Moreover, there are two special factors in this case which make the holding of the Court of Appeals all the more repressive and ominous. This suit was brought by a man who was then the nominee of his party for the Presidency of the United States. In our times, the person who holds that high office has an almost unbounded power for good or evil. The public has an [396 U.S. 1049 , 1052] unqualified right to have the character and fitness of anyone who aspires to the Presidency held up for the closest scrutiny. Extravagant, reckless statements and even claims which may not be true seem to me an inevitable and perhaps essential part of the process by which the voting public informs itself of the qualities of a man who would be President. The decisions of the District Court and the Court of Appeals in this case can only have the effect of dampening political debate by making fearful and timid those who should under our Constitution feel totally free openly to criticize Presidential candidates. Doubtless, the jury was justified in this case in finding that the Fact articles on Senator Goldwater were prepared with a reckless disregard of the truth, as many campaign articles unquestionably are. But, even if I believed in a balancing process to determine scope of the First Amendment, which I do not, the grave dangers of prohibiting or penalizing the publication of even the most inaccurate and misleading information seem to me to more than outweigh any gain, personal or social, that might result from permitting libel awards such as the one before the Court today. I firmly believe it is precisely because of these considerations that the First Amendment bars in absolute, unequivocal terms any abridgment by the Government of freedom of speech and press.
Another reason for the particular offensiveness of this case is that the damages awarded Senator Goldwater were, except for $1.00, wholly punitive. Senator Goldwater neither pleaded nor proved any special damages, and the jury’s verdict of $1.00 nominal compensatory damages establishes that he suffered little if any actual harm.
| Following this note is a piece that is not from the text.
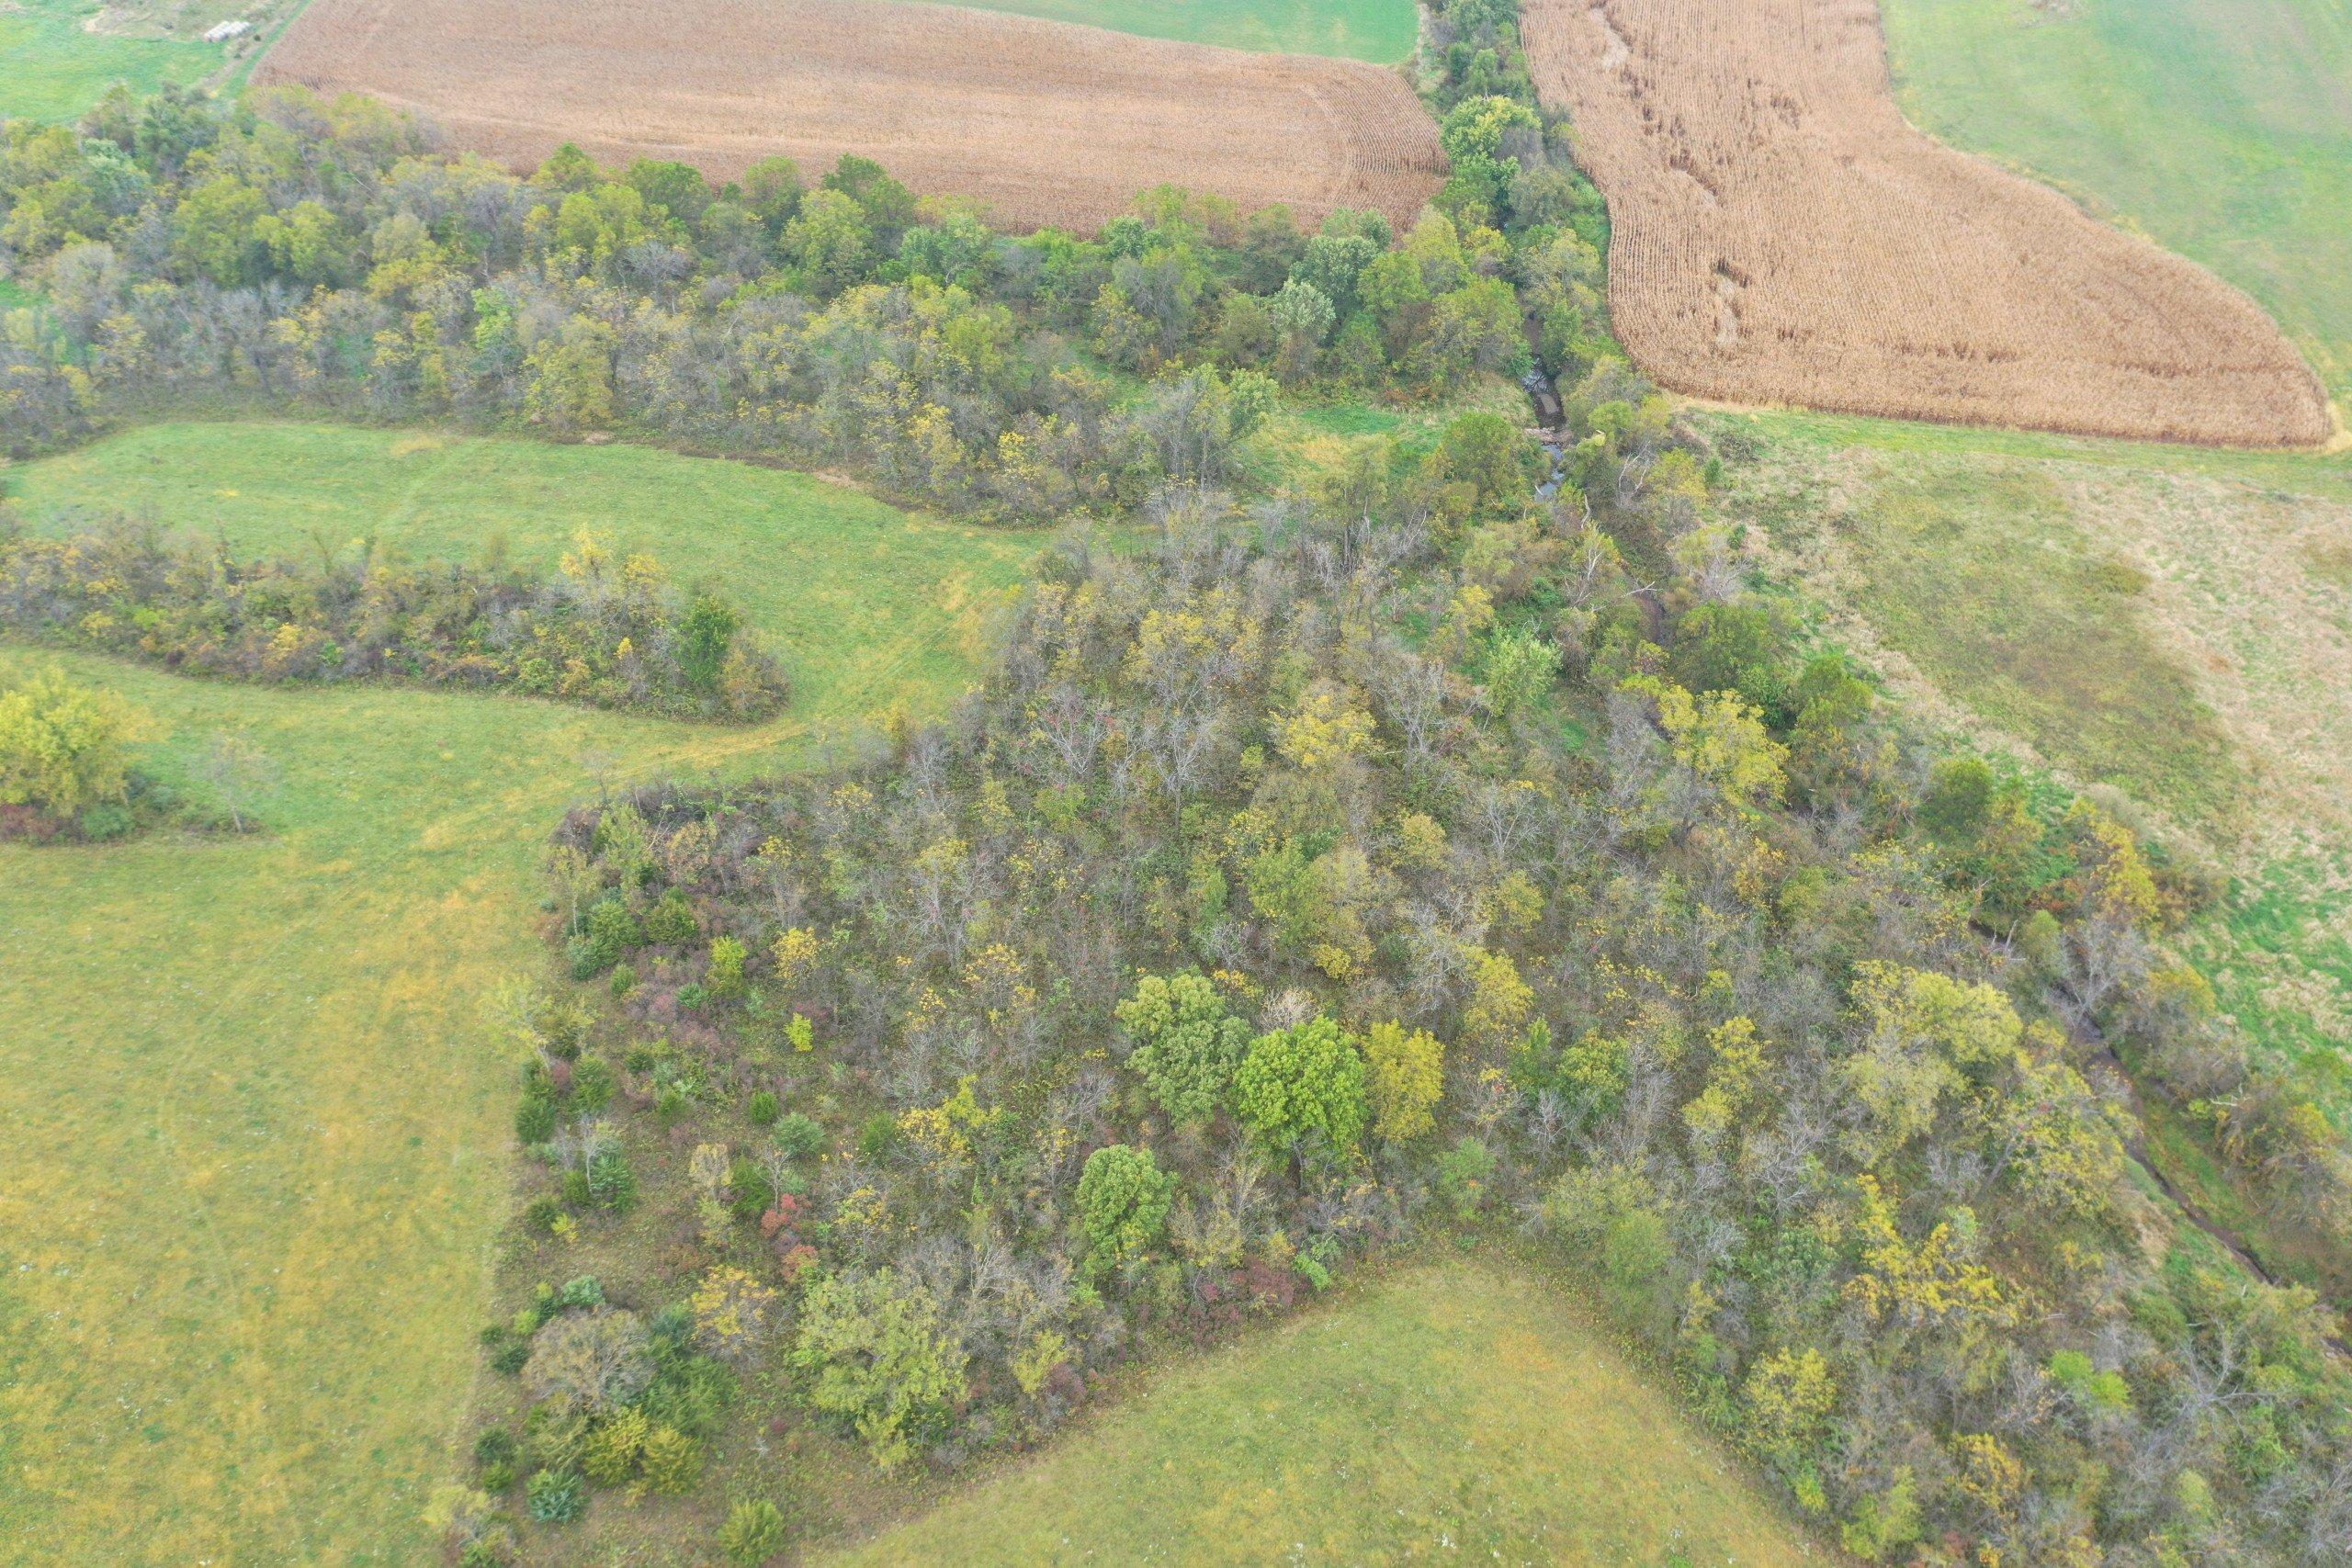 land-warren-county-iowa-200-acres-listing-number-15810-DJI_0590-1.jpg

In spite of this, Ginzburg and his magazine are being punished to the extent of being forced to pay Senator Goldwater $75,000 punitive damages. It is bad enough when the First Amendment is violated to [396 U.S. 1049 , 1053] compensate a person who has actually suffered a provable injury as a result of libelous statements; it is incomprehensible that a person who has suffered no provable harm can recover libel damages imposed solely to punish a defendant who has exercised his First Amendment rights.
I would grant certiorari and reverse the Court of Appeals summarily.
The CHIEF JUSTICE took no part in the consideration or decision of this petition.